Incident Timeline: From “Unhealthy” to “Multiple Remediation Efforts”

Base’s first public signal came at 16:03 UTC on June 25, when it said mainnet block production was “unhealthy.”

By 16:52 UTC, the team said it had identified a problem and was pursuing “multiple remediation efforts.” Base later said block production resumed after roughly two hours, though it did not provide an exact timestamp for full resumption.

That gap between initial degradation and confirmed recovery is the window traders care about. It is where pending transactions, bridge finality assumptions, and liquidation paths can break down, especially for systems that do not automatically fail over to alternate routes.

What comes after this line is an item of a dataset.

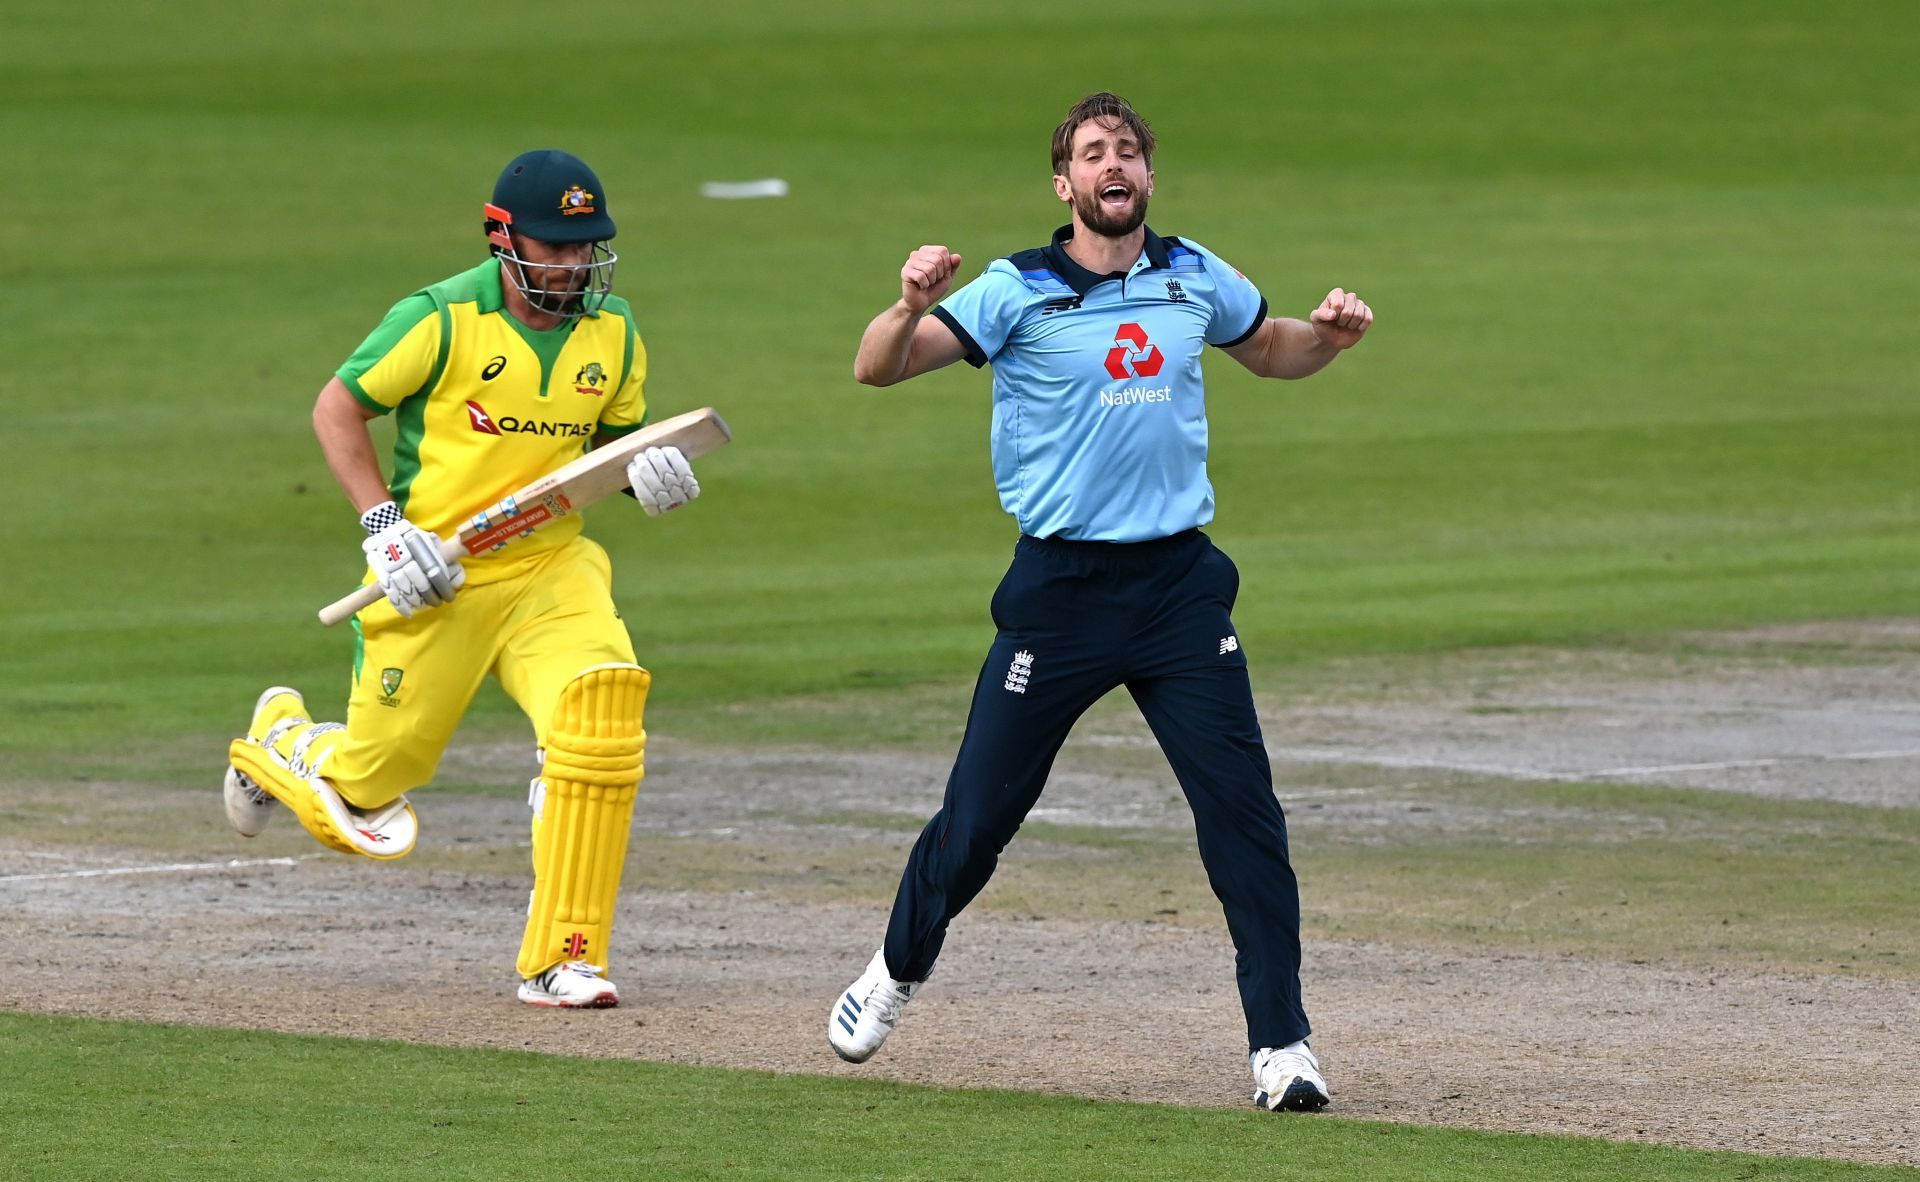 Australia and England will meet in the ICC T20 World Cup 2021 tomorrow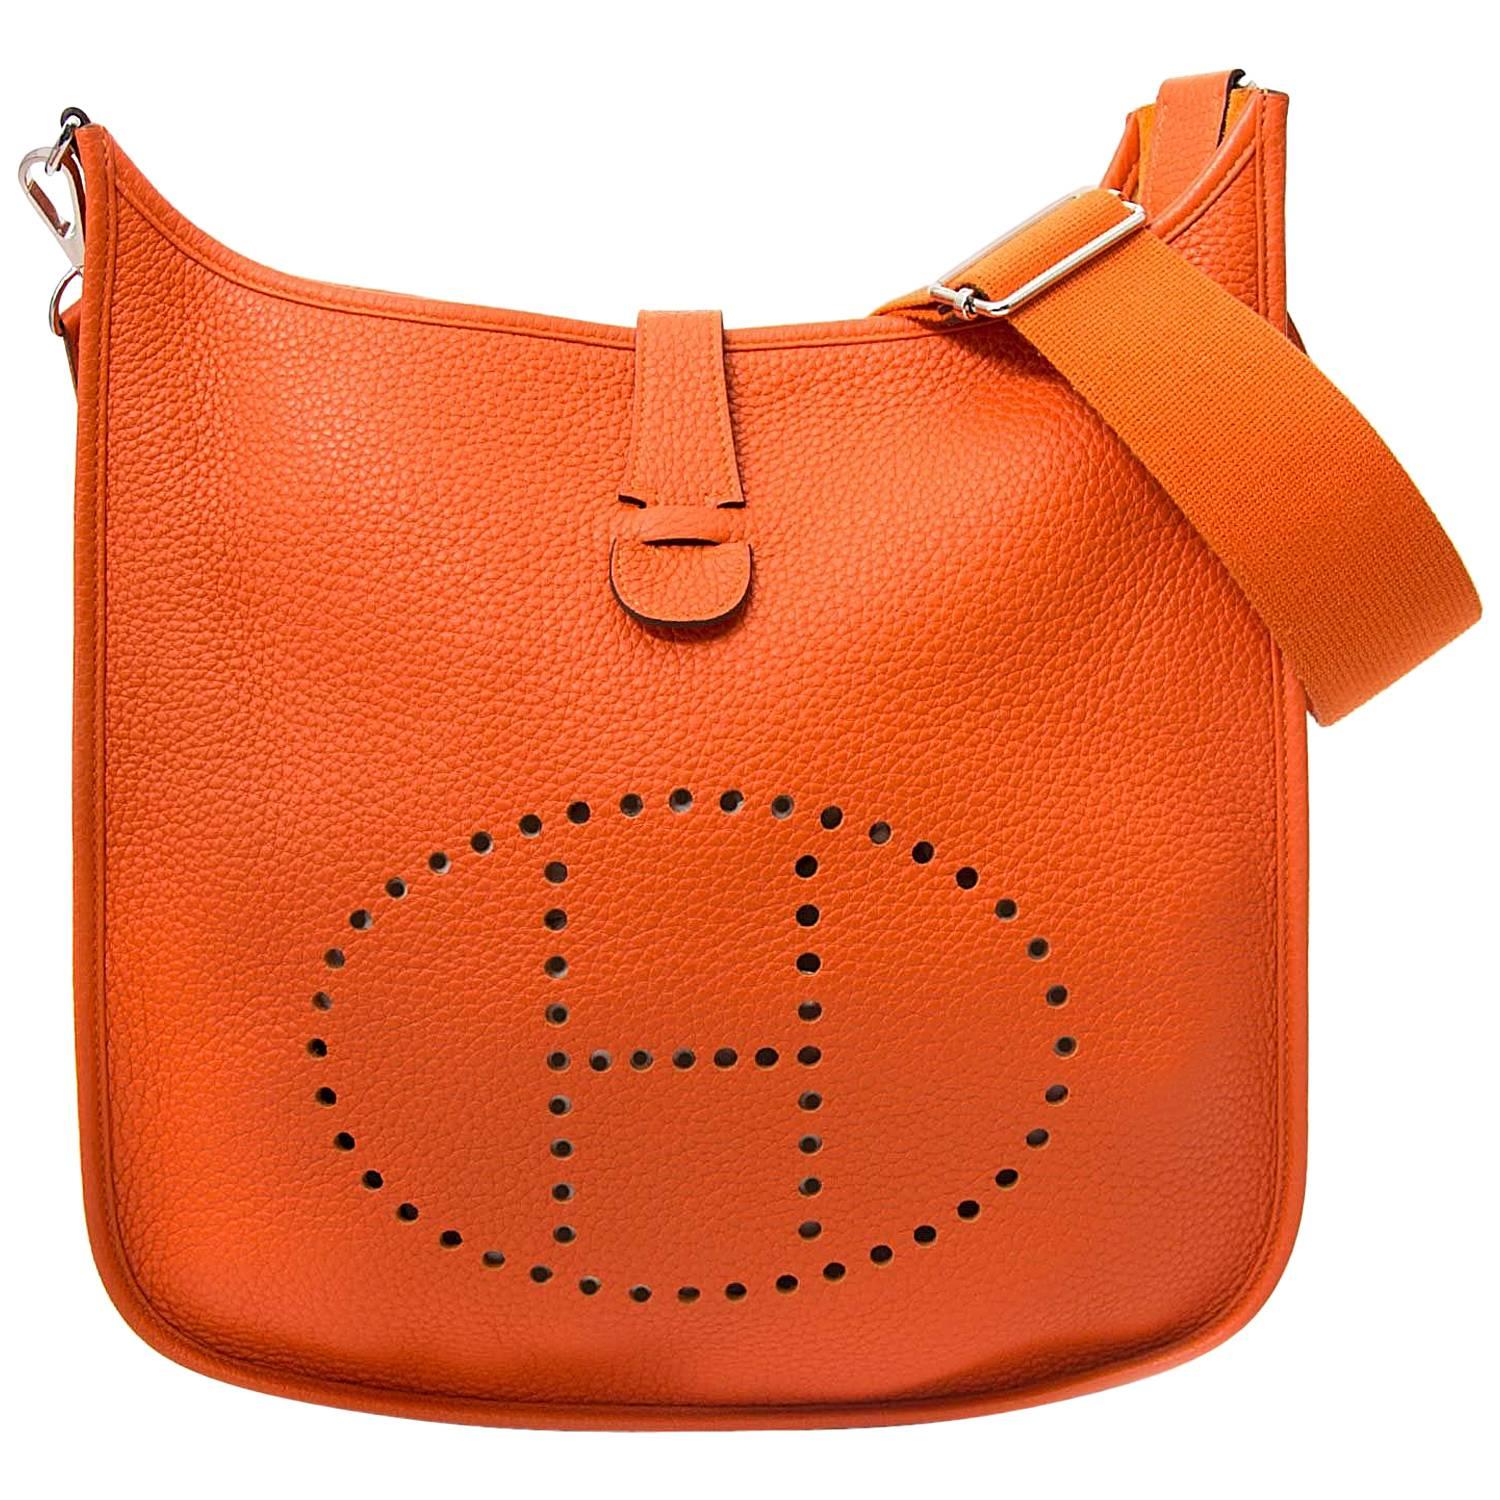 Auth HERMES Evelyne III PM - Ruby Taurillon Clemence T Shoulder Bag

After the Restart Guidance: Signals Traders Should Track on Base

The next catalyst is Base’s follow-up update or postmortem that identifies what caused the invalid block and whether it was a software bug or a consensus-related fault. Without that, the market is left to price Base execution risk on narrative rather than a defined remediation.

Traders and operators will also want to see whether additional restart or synchronization guidance is issued for node operators and RPC providers, which would indicate lingering desync or downstream instability.

Finally, any recurrence of “unhealthy” block production status or new remediation notices in the wake of the June 25 incident would shift this from a one-off to a pattern. Base has already logged a prior outage in August 2025, so reliability is now part of the network’s tradeable risk profile, not just an engineering footnote.

Marcus Hale’s Take: Reliability Risk Returns After the August 2025 Outage

I treat a two-hour halt as a real settlement event, not a cosmetic outage. If a strategy’s critical path runs through Base, that window is where slippage, stuck bridges, and liquidation protection can fail in ways that do not show up until after the chain is “back.”

The threshold that matters is a clear postmortem that pins the invalid block to a specific failure class and ships credible mitigations. If that clarity does not arrive, this looks more like a sentiment catalyst than a fundamental shift, but it still forces desks to price Base routing risk as a recurring operational cost rather than a tail event.